Ask yourself whose hero are you trying to be? And why? Most of the time the things we’re doing, the life we’re living have nothing to do with us.

No wonder you’re hard on yourself and unhappy. This isn’t even your life.

Cultivate self-compassion by having grace, by saying more kind words about yourself. Below are some of my favourites, when I’m present enough to remember (eek face), if not you can always remind yourself after the moment.

I’m still learning

I’m in recovery.

This is something I still need to work on, good to know.

This is still a trigger for me so I need extra support.

When thinking you’ve done something “stupid” you don’t even want to hear about compassion. It’s challenging to talk yourself out of negativity, but no one else can do it for you. Each new experience helps you learn triggers and is a reminder that healing work is continual.

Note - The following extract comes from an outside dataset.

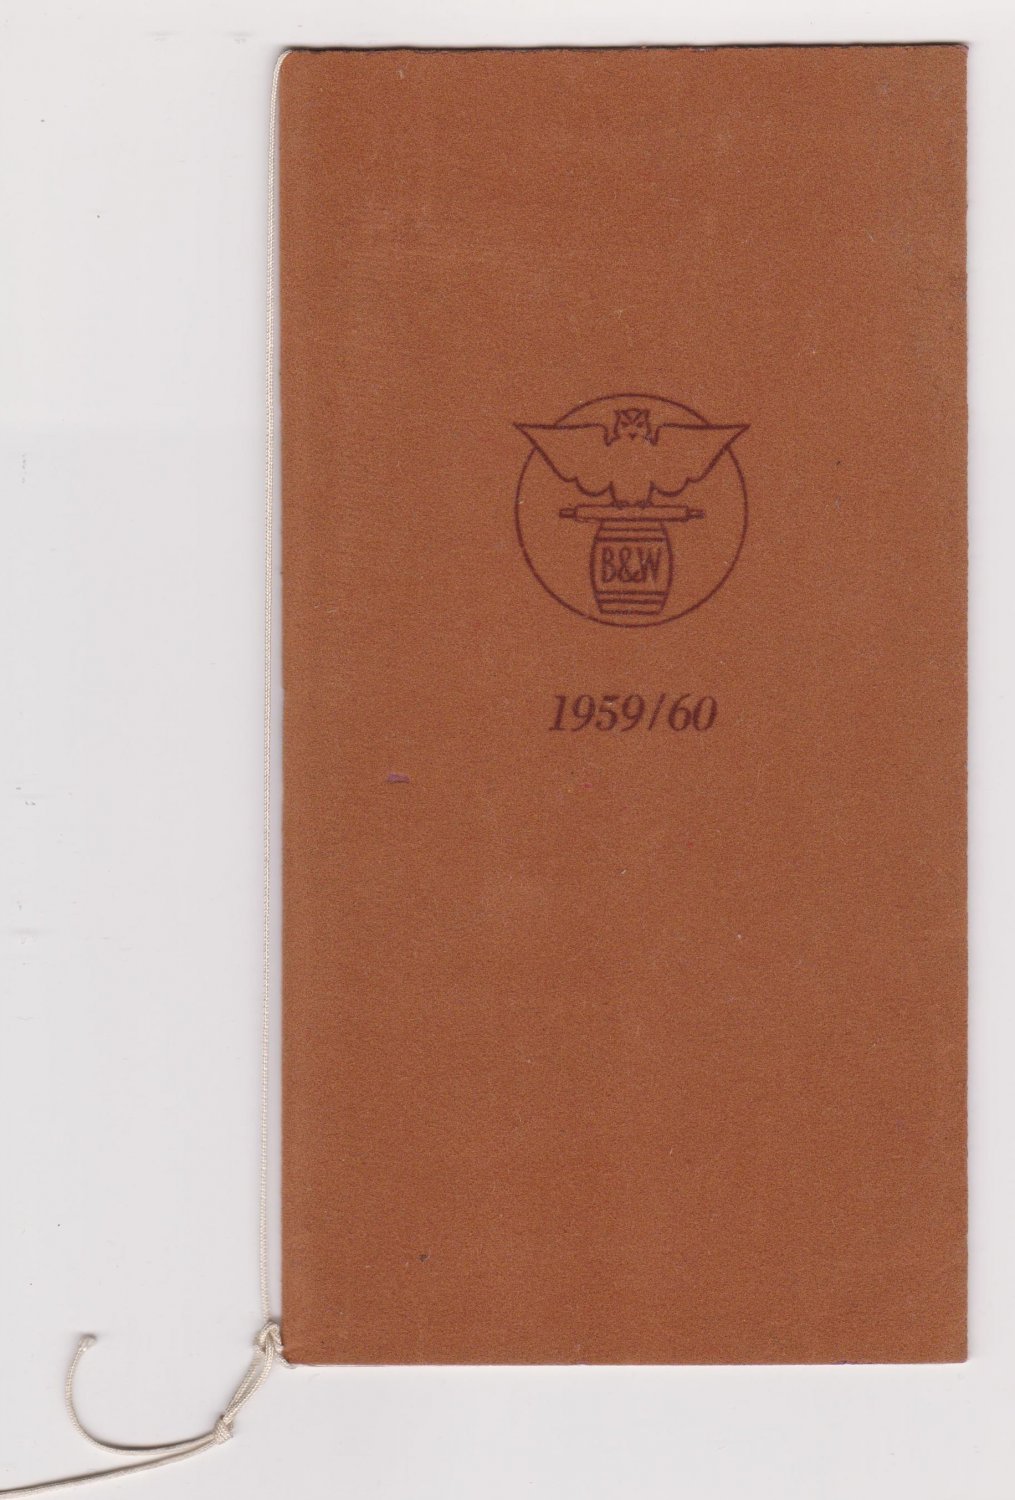 BERGER & WIRTH FARBENFABRIKEN (Hrsg.):  Berger & Wirth Farbenfabriken Jahresgabe 1959/60. Brief Goethes an Schiller, Jena, den 22. Mai 1803 mit Auszügen aus "Goethes Farbenlehre".

We can summarize grace by a quote from Brené Brown, a researcher in shame, vulnerability, courage, and empathy, that says,

Grace means that all of your mistakes now serve a purpose instead of serving shame.

Takeaway

We struggle with never feeling good enough when people tell us through their words, actions, or lack thereof that we aren’t enough for them- just the way we are.

These feelings of inadequacy are rooted in shame. If we don’t reject shame it will destroy our core being, robbing the world of our talents, values, and unique personality.

We can take our power back by rejecting shame through…

-relentlessly choosing ourselves,

-having grace, empathy, and self-compassion by believing more of the good stories about ourselves. We also do this through the words we tell ourselves like, I’m still learning.

Lastly, I want us to remember that shame is all around us, it can be overwhelming, daunting, and discouraging, but the most powerful thing we can do is to decide, decide that we are moving forward no matter how slow or how long we take, continue to reject shame.